What’s more, when I’m cycling in a city, things are always a bit dangerous. That seems to make my senses — and my mind, really — as alert as those of a wolf. When I come back from a ride (as I wrote in my previous piece), “I feel like I’ve microdosed the pure essence of urban life. I’ve been in the world.”

Woman in shorts on cycle, blurred, riding past old yellow brick urban factory building, in focus

“Cycling” by Jaume Escofet

3) These two modes interact in a nearly-musical fashion

So cycling creates both a) a chill flow-state, while also b) requiring a type of heightened sensory alertness. I have a hunch these two modes, which are sort of in opposition to one another, interact in an interesting way.

To use a musical metaphor, it’s like the interplay between drone strings and the active notes on an instrument. When I play slide guitar, I’ll set up a constant thrum on the low G, while playing leads and riffs high up on the neck. What makes the overall sound so pleasurable (to me, anyway) is the interactions and divergences between the persistent drone and the flittering riffs.

That’s precisely how my mind feels when I’m cycling. The physical act of cycling creates a physical “drone”; the sensory banquet of the road brings the riffs. Together, they create an overall mental noise and counterpoint that primes my mind for terrifically creative thought.

Silhouette photo of girl standing next to bike, at dusk

by Zhivko Dmitrov via Pixabay

4) There’s plenty of time for active thinking

When you’re cycling, you have to pay attention to the road. You can’t fully zone out.

But there’s still plenty of reasonably calm time — like when I’m going down a long and empty street, or gliding through a park, or idling a stop light, or slowly climbing a long hill.

That means there’s lots of mental room for active thinking.
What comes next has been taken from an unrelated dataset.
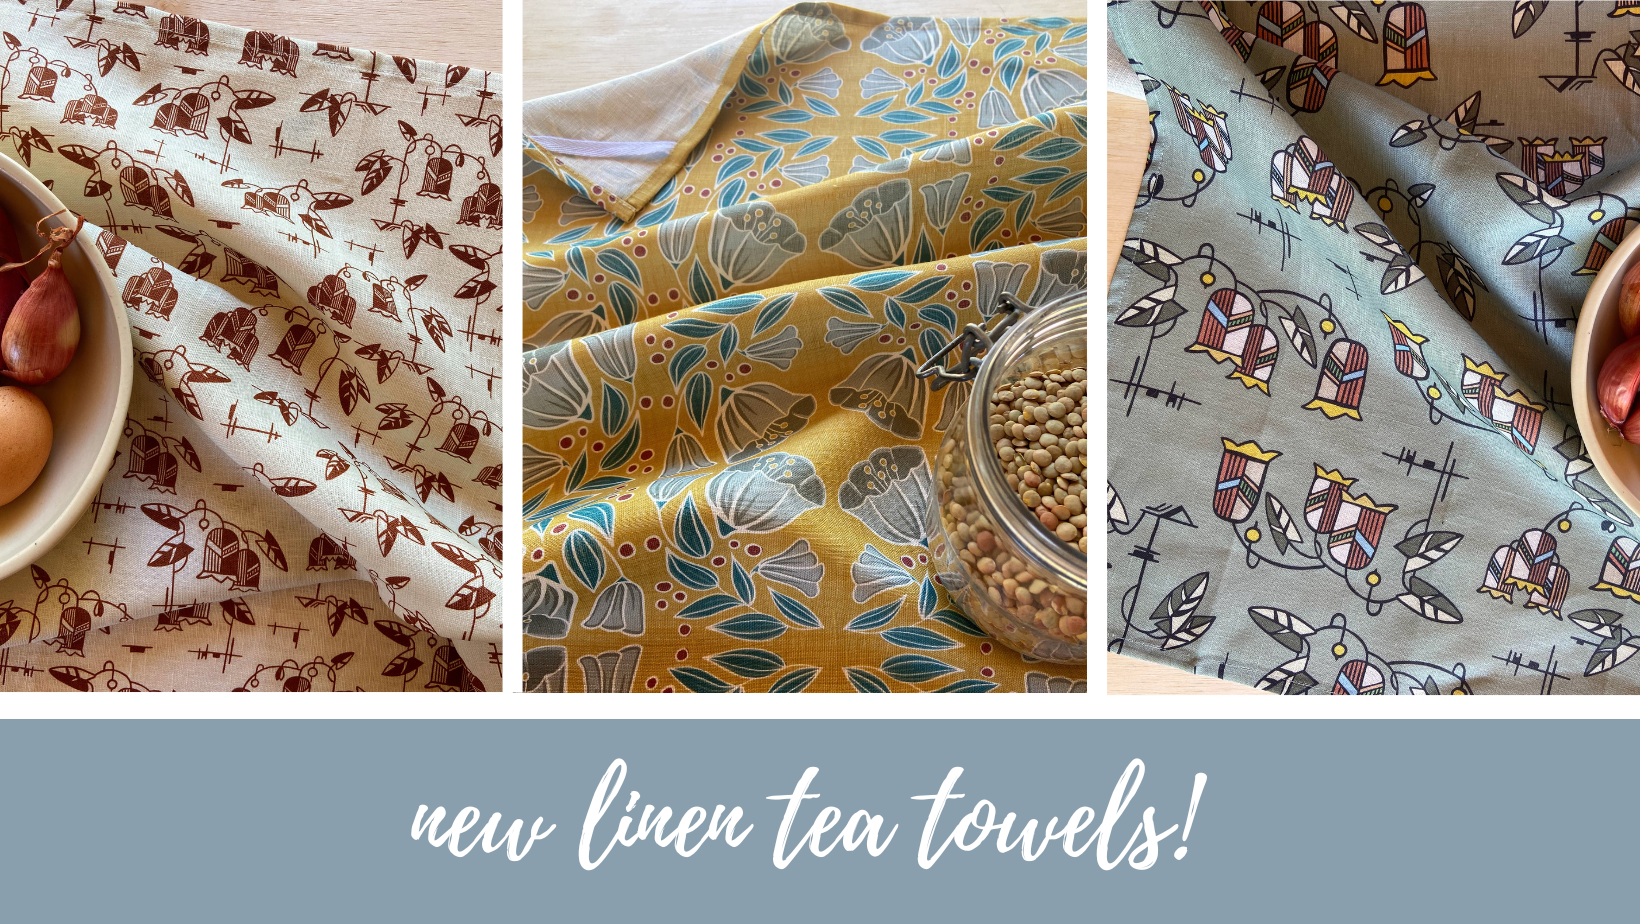 Brand New Linen Towels!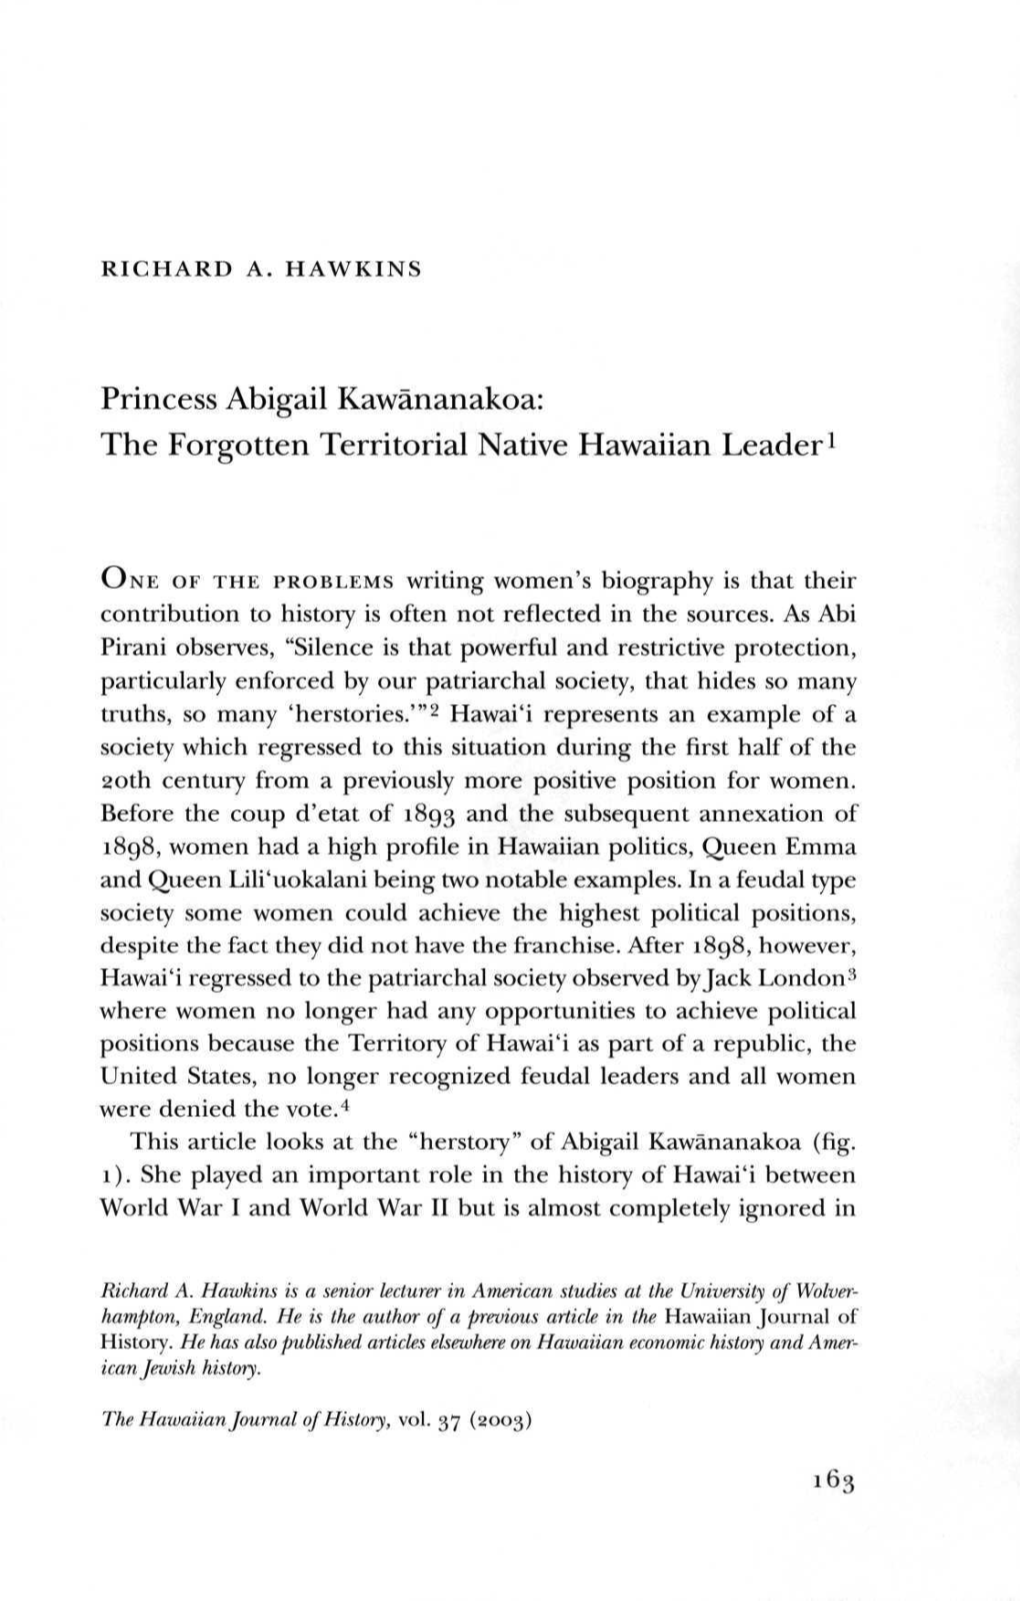 Princess Abigail Kawananakoa: the Forgotten Territorial Native Hawaiian Leader1

By “active” I mean that I can pick something that’s specifically bugging me — some difficult research I’m hashing through, or a personal dilemma, or a song lyric I’ve been trying to write, or the structure of an article draft I can’t quite fashion — and mull it over.

And there’s quite a lot of this time, if the bike ride is long! Even short errands tend to give me 15 minutes of cycling; meeting someone in Manhattan for lunch often means an hour and a half of cycling during a business day. And a few times a year I do a 100-mile “century”, which is about nine hours in the saddle.

(A side note: Cycling also tricks me into spending more time thinking than I’d normally set aside. If I do a 45 minute ride to dinner with a friend, I’m forced to do a 45 minute ride back. Cycling is a sneaky trap you lay for yourself: Once you’ve arrived at your destination, you’ve got to cycle back, even if you don’t feel like it.)

Black and white photo of woman in a black pencil skirt and black sweater, standing on sidewalk and looking at her photo, flanked by two cars parked on the street

“Lady in black” by Sergei F

5) There are few technological distractions on a cycle

Let’s say I cycle to meet a friend for lunch, and spend an hour total going there and back. That’s one hour of time for thinking.

In the rest of my life, I rarely spend that much time only thinking. If I’m sitting around the house, I might spend some minutes staring into space, pondering something. But more likely than not I’d flip open my laptop to do some reading, or I’d look at a book or a magazine, or I’d dork around on social media. Obviously, if I’m reading something deep or informative, I’m doing a lot of useful thinking there, too. But it’s cognitive work that’s triggered by media.

But with cycling, you cannot seriously consume visual media at all. You can peek at your phone during a stop light, or riskily glance at a message while zipping along an empty street. (Dangerous; one shouldn’t do it; yet I sometimes do.)

Mostly, cycling gives me a space for thinking that is uniquely uninterrupted by messages, posts, or media. It’s just me focusing on my thoughts, with a brain that’s buzzing in the perfect state for nuanced, creative thinking.

(Technically, one could listen to audio media on a bike, like podcasts or music. But I never do that. For safety’s sake, I want to hear exactly what’s going on in the world around me.)